Sunday, December 20

Sometimes i feel sorry for myself.

dont you ever wish that you were just born in another family
or that you had no family at all and that you were adopted
or that you lived ina children's home like tracy beaker?

i knw its sad, but you cant believe how many times i wish, or even prayed for that to happen or even be true.

i'm not going to vomit my personal life affairs online as it would be disrespectful to my family.. i knw. but sometimes you just need someone to talk to, some to understand, not even, just to listen to you. sometimes its hard to just carry on doing what you we doing without stopping and thinking.
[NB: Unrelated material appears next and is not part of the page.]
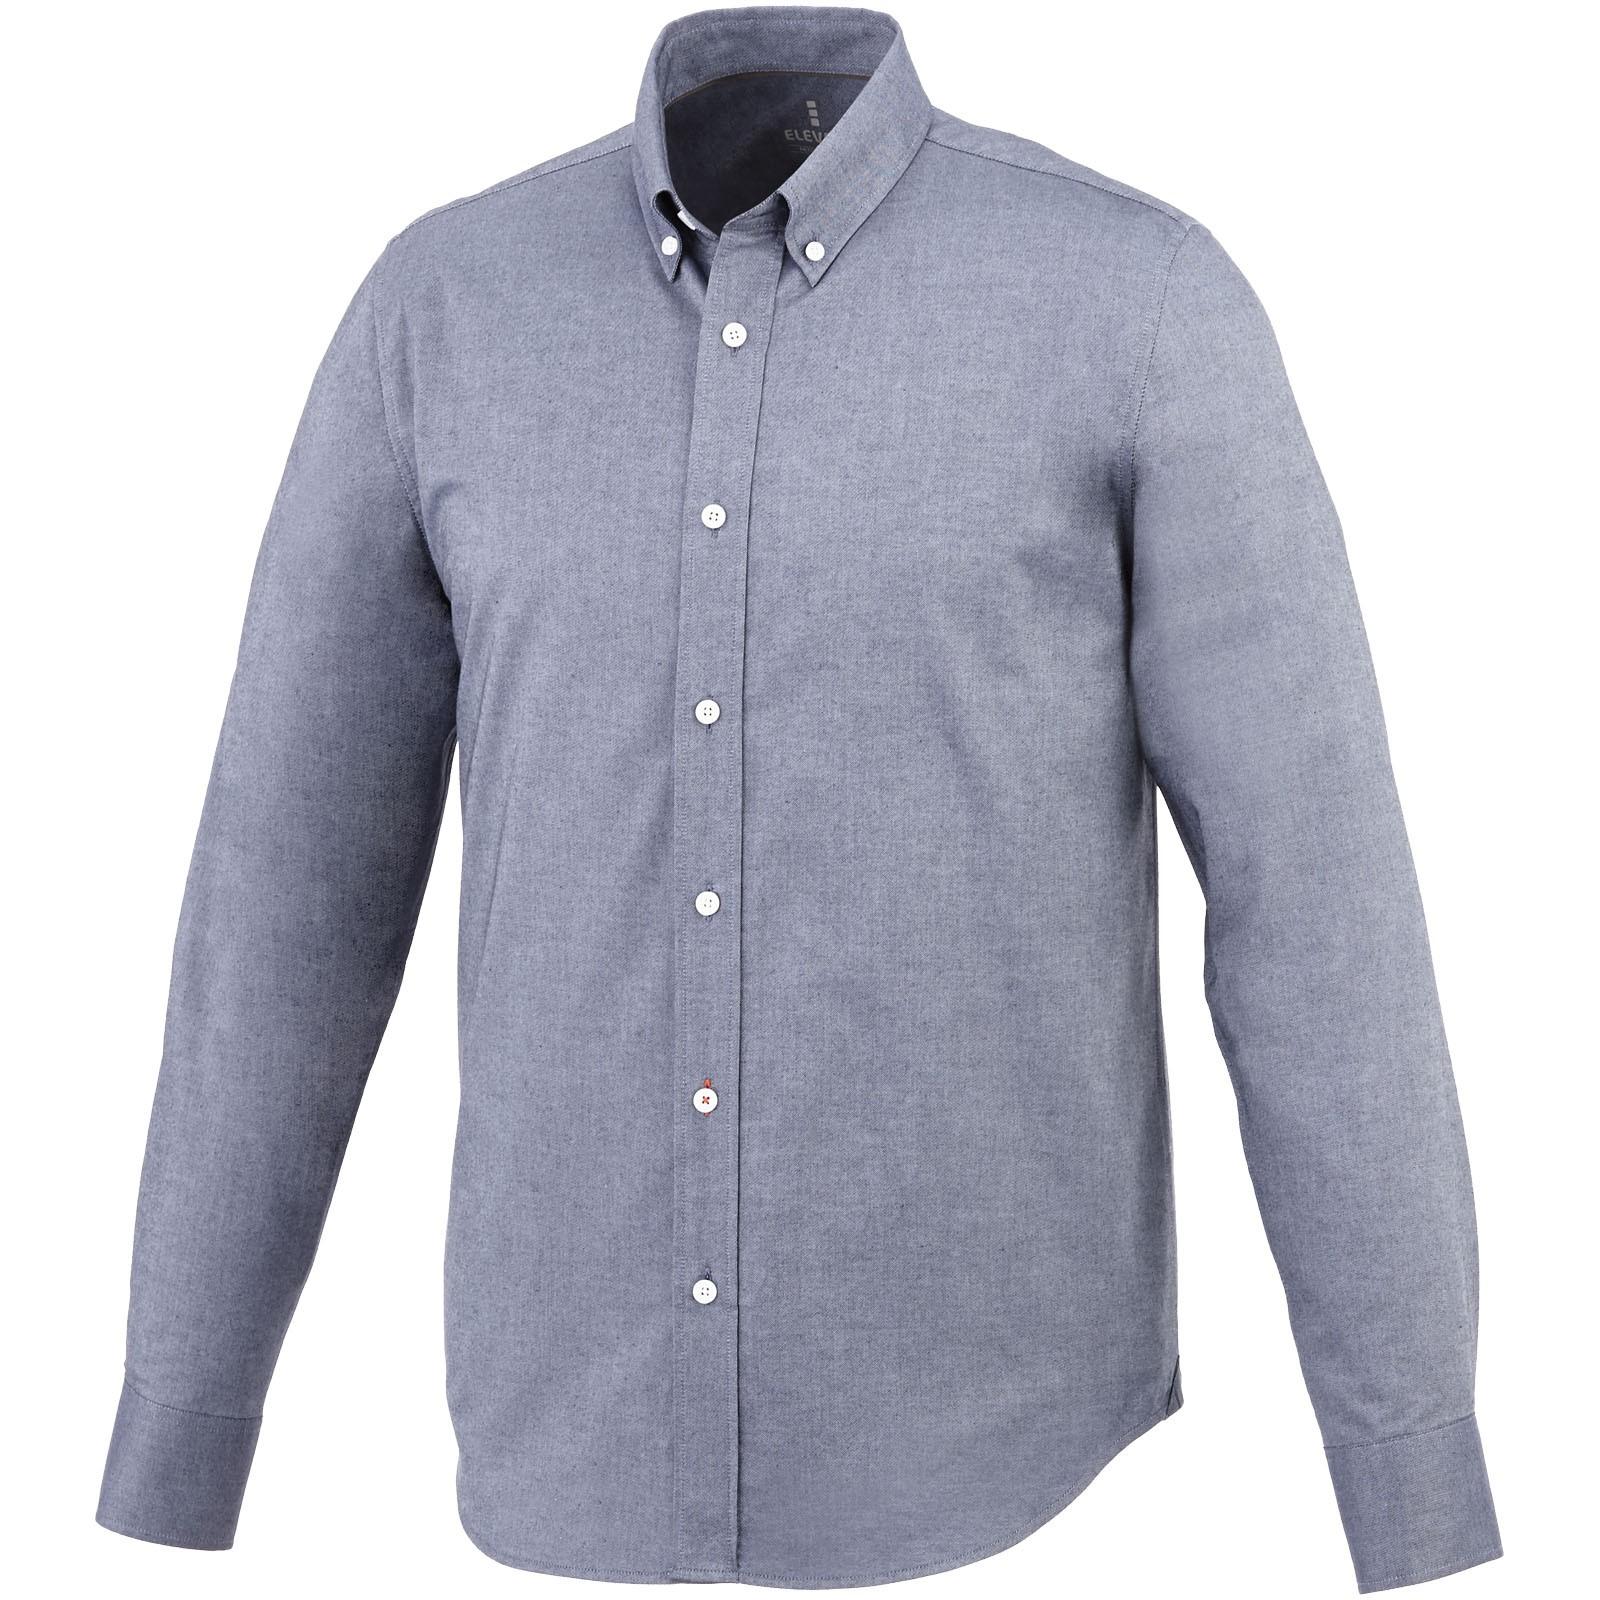 Vaillant košile s dlouhým rukávem - Oxford navy / XS

ive been in a middle of an abusive relationship fo 19 years on my life. i say in the middle because i'm just a sort of spectator,devider, i'm always present but my actiona count to nothing, in both parts. yes my parents are african, its common, i'm not acting the victim here, but even though its common for africans to argue a ;lot, its not common for a couple now ogether for 20 years to fight near and sometimes to physical contact every single day, holidays included, especially on days such as christmas days, easter, family outings and when visitors are around. its not common for a woman to disrespect her husband, talk , talk, talk even when her husband has threatened her multiple times . its not normal for a man to break all glass furniture including mirrors, phorframes, mugs, cups and tables ( yes, tables, plural).
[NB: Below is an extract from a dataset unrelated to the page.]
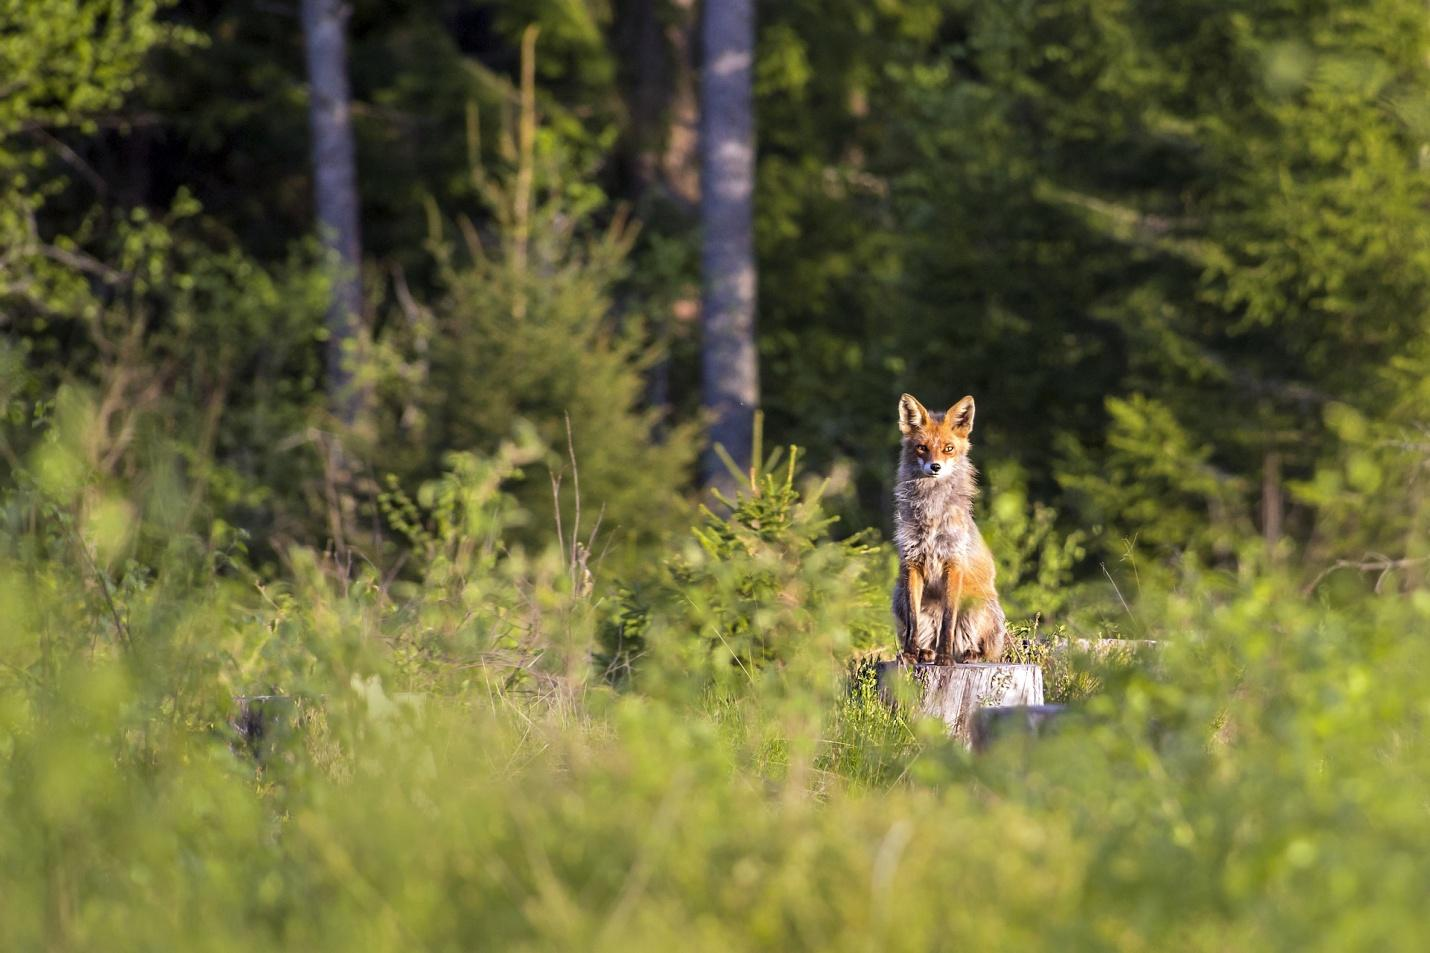 red-fox-4808560_1920.jpg

i dont know how much more of it i can take.

its ok when i'm in nottingham, i miss having my amily around.

now i'm here i just want to disappear.

i cant wait to go back to nottingham and not come back until its necessary.

i just pity my sister and my brothers who still have many years of this ahead of them... at least they had each other ... i had no one.

sometimes i feel sorry for myself.

Tuesday, December 15

using the charger too keep my heart from freezing

procastinating as usual...lol, i need to start doing work and i assure you i will... just as soon as i finish this post :P

i have decided i wont be going on an april field trip to either cube nor japan as they r very expensive and i dont have the money readily available with me, instead i decided to focus totally on my universitas 21 application to National University of Singapore.. i hope i get in, i really wanna go there now, even if its really daunting... 6 months in a differnt country and continent, plus apparently its really hard down there, but still i just really wanna experience it!

so for this summer i have 3 option ( for now) 1 is it get a work placemnet with a architect here in london ...2 to save money and go to Nigeria and stay there for a bit ... 3 to go to italy , strangely the latest which would have been my favourite option just a few months ago is now my least favourite, i dont think italy has much more to offer than it already has done, i'm not sure what i would do if i go there... i mean yh its fun but its not meaningful.

somethign else i'd like to do this summer would be go to volunteer in africa or go camping all summer maybe in the uk but like all the way through the summer. i just wish anyone would like to do that with me, its cheap, its fun, its safe, i mean like a month circulating the national parks like 1 week in peak district, 1 in lake district, 1 in yorkshire dales, 1 in black mountains,1 in i dunno i would just love it!!!!!!!

i fell like i need some excitement in my life really !!!